What role do domestic (homes) and religious spaces/settings play to represent the grimness of Dublin in Dubliners by James Joyce?

Authors often use descriptions of settings and locations in their writings to help establish the mood, draw attention to a character's station in life, or illustrate the era in which the writing is taking place. James Joyce uses both domestic and religious spaces in his collection of short stories Dubliners to show the stark, grim side of Dublin. Since Dubliners is a collection of short stories and not a traditional novel, the settings vary extremely from story to story. They take place in small homes and in bars and restaurants. There are concert halls, crowded bazaars, and quiet hotel rooms. Each setting lays bare Dublin's grimness in this time of civil unrest.
"A Little Cloud" is set in part in a somewhat disreputable bar, rife with cigar smoke. This bar is the grim backdrop where two old friends commiserate and where Chandler begins to see that his own dreams may never come to pass. In this instance, the bar seems to represent the hopelessness of yearning for things we cannot have.

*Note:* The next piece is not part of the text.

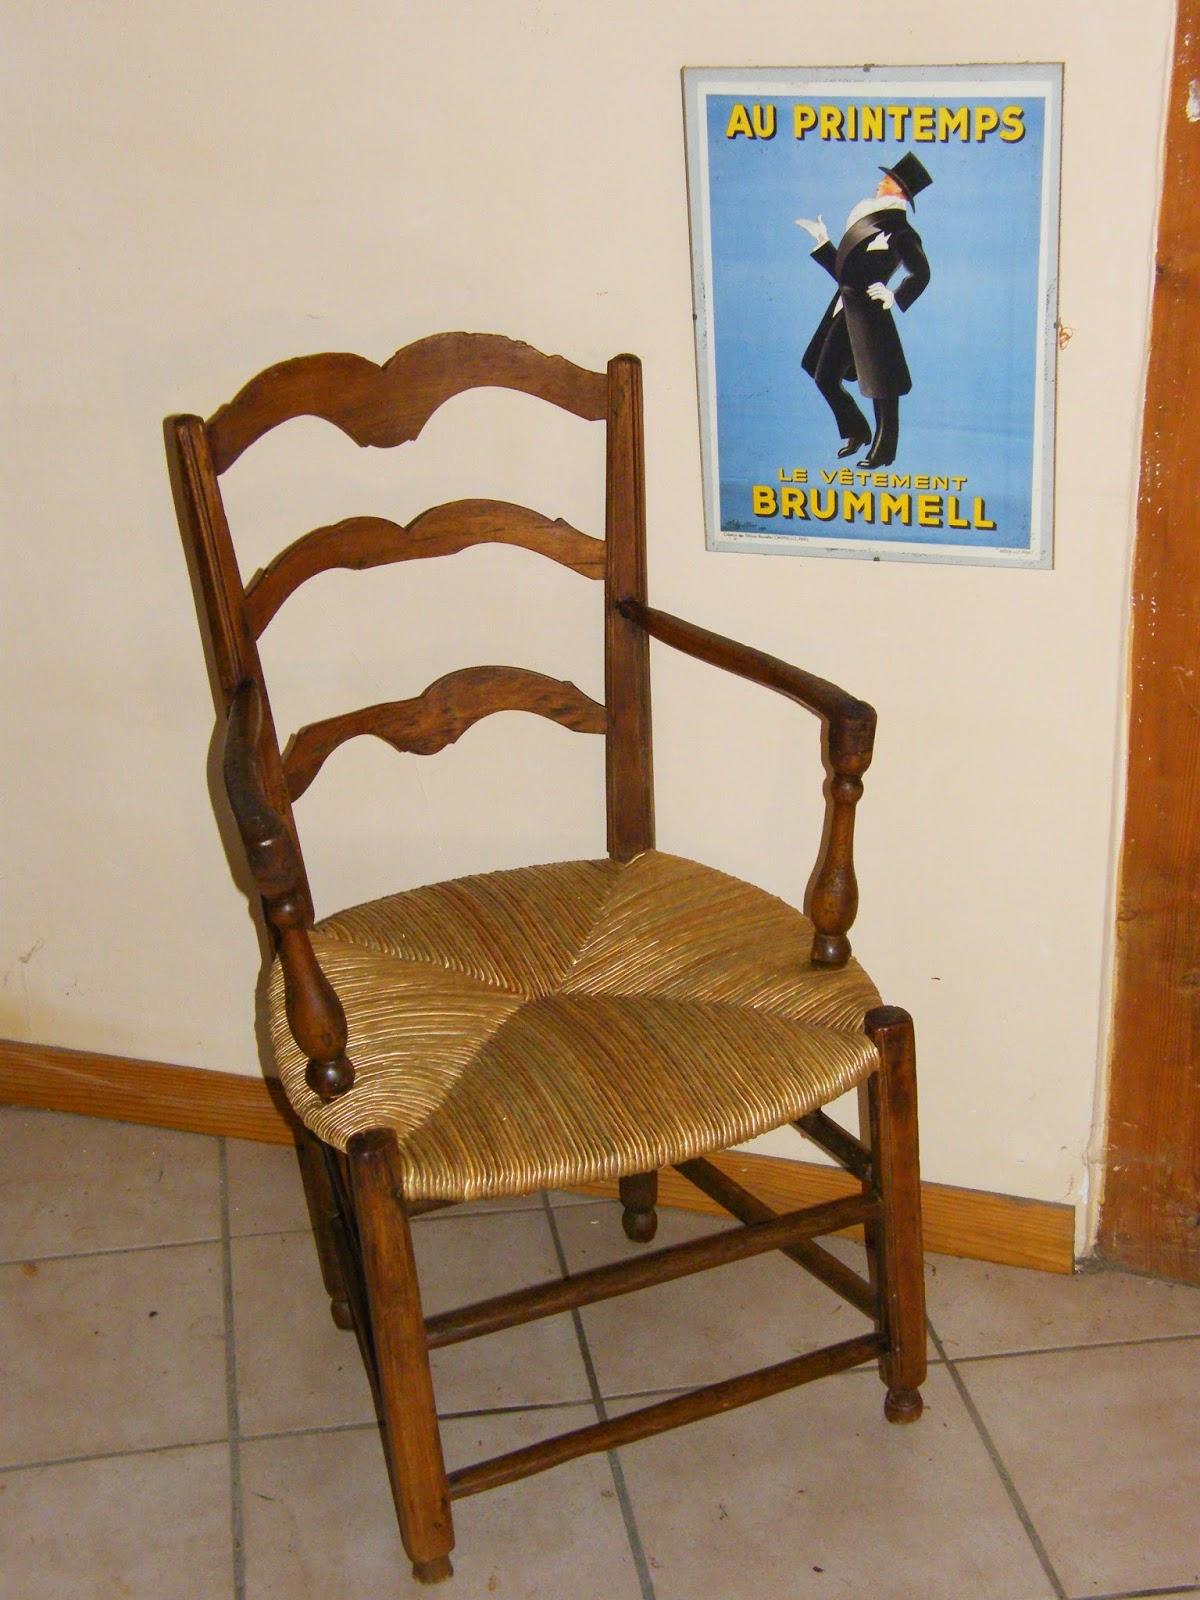 Normandie cannage refaire un rempaillage de fauteuil - Restaurer un canape ...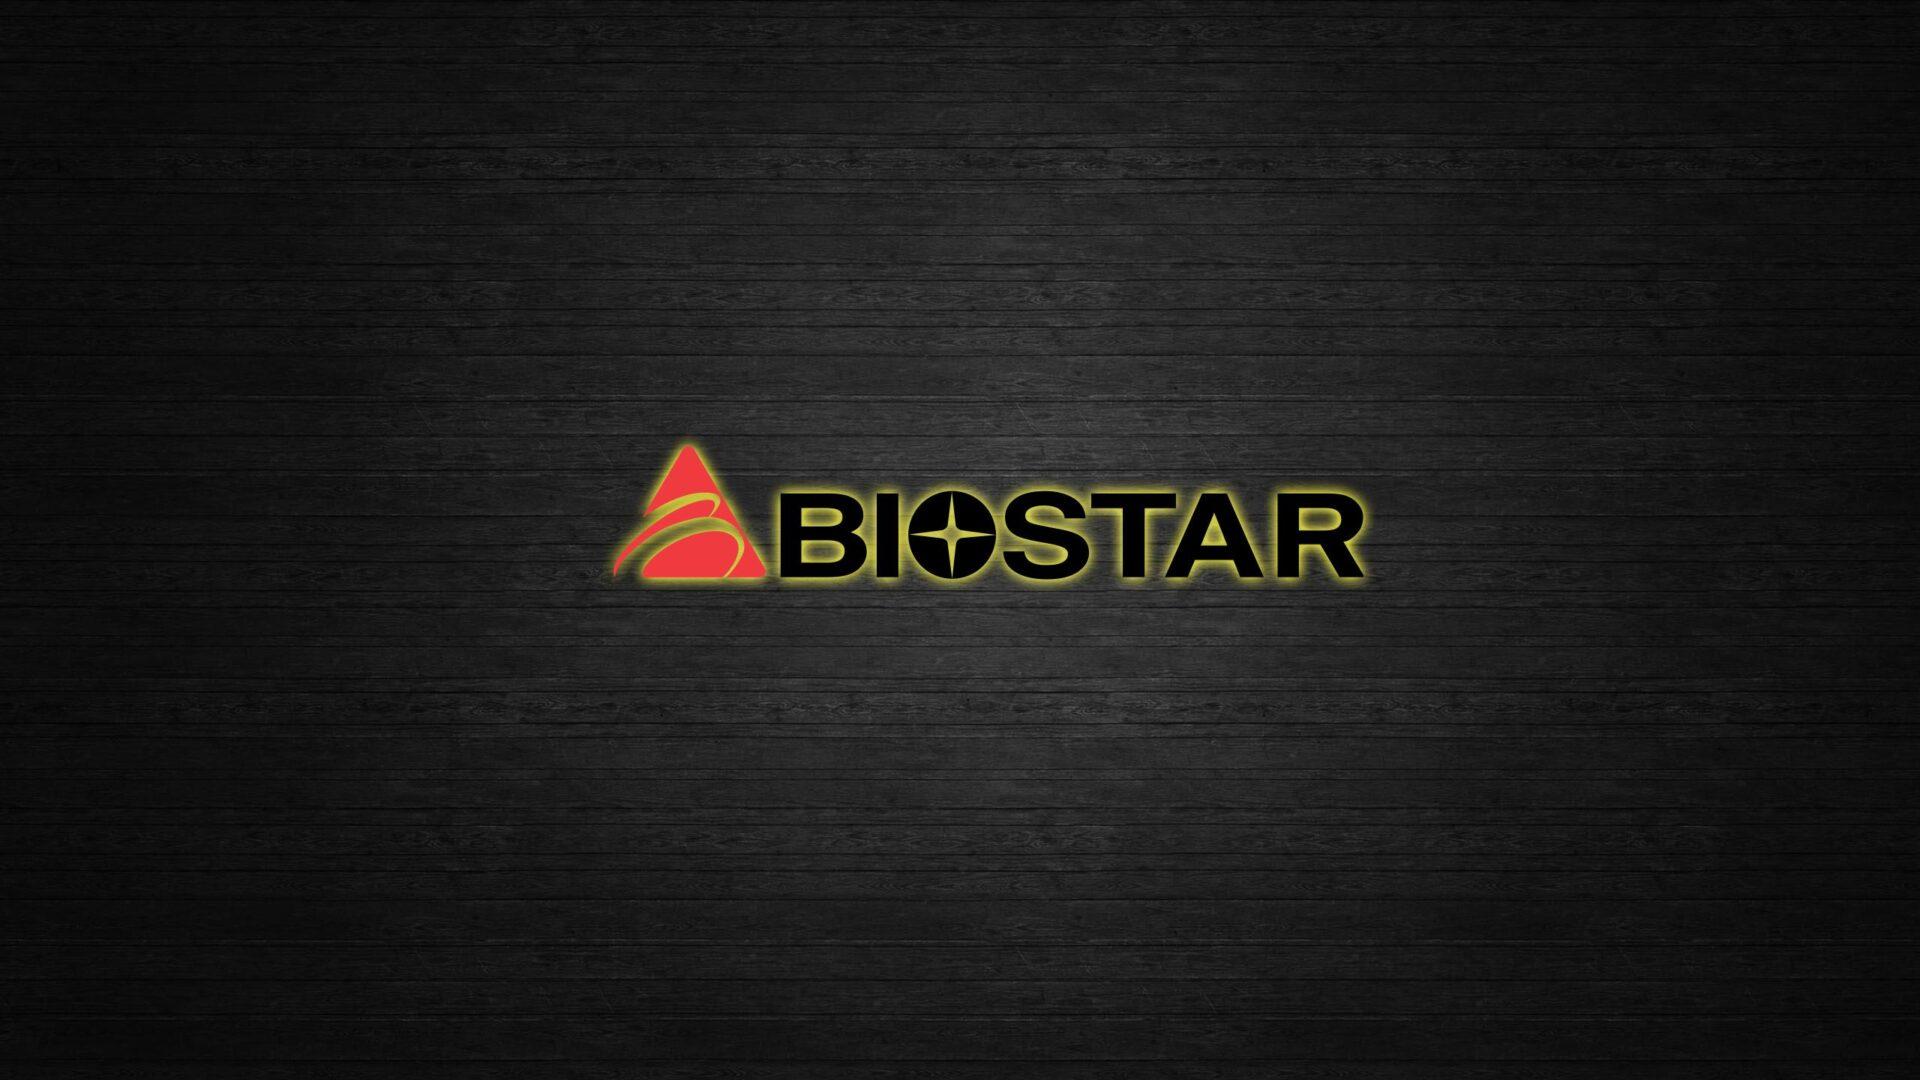 Biostar AMD

"The Sisters" uses Father Flynn's home as a grim setting of sickness and death. The boy walks by the house each day after Father Flynn falls ill and looks through the windows for signs of Flynn's death. At one point after Flynn's death, people are gathered around his open coffin in Flynn's own sparsely decorated home. The fact that such a chilling funerary ritual is set in such a private location shows the grimness of Dublin through the harsh reality of sickness and death.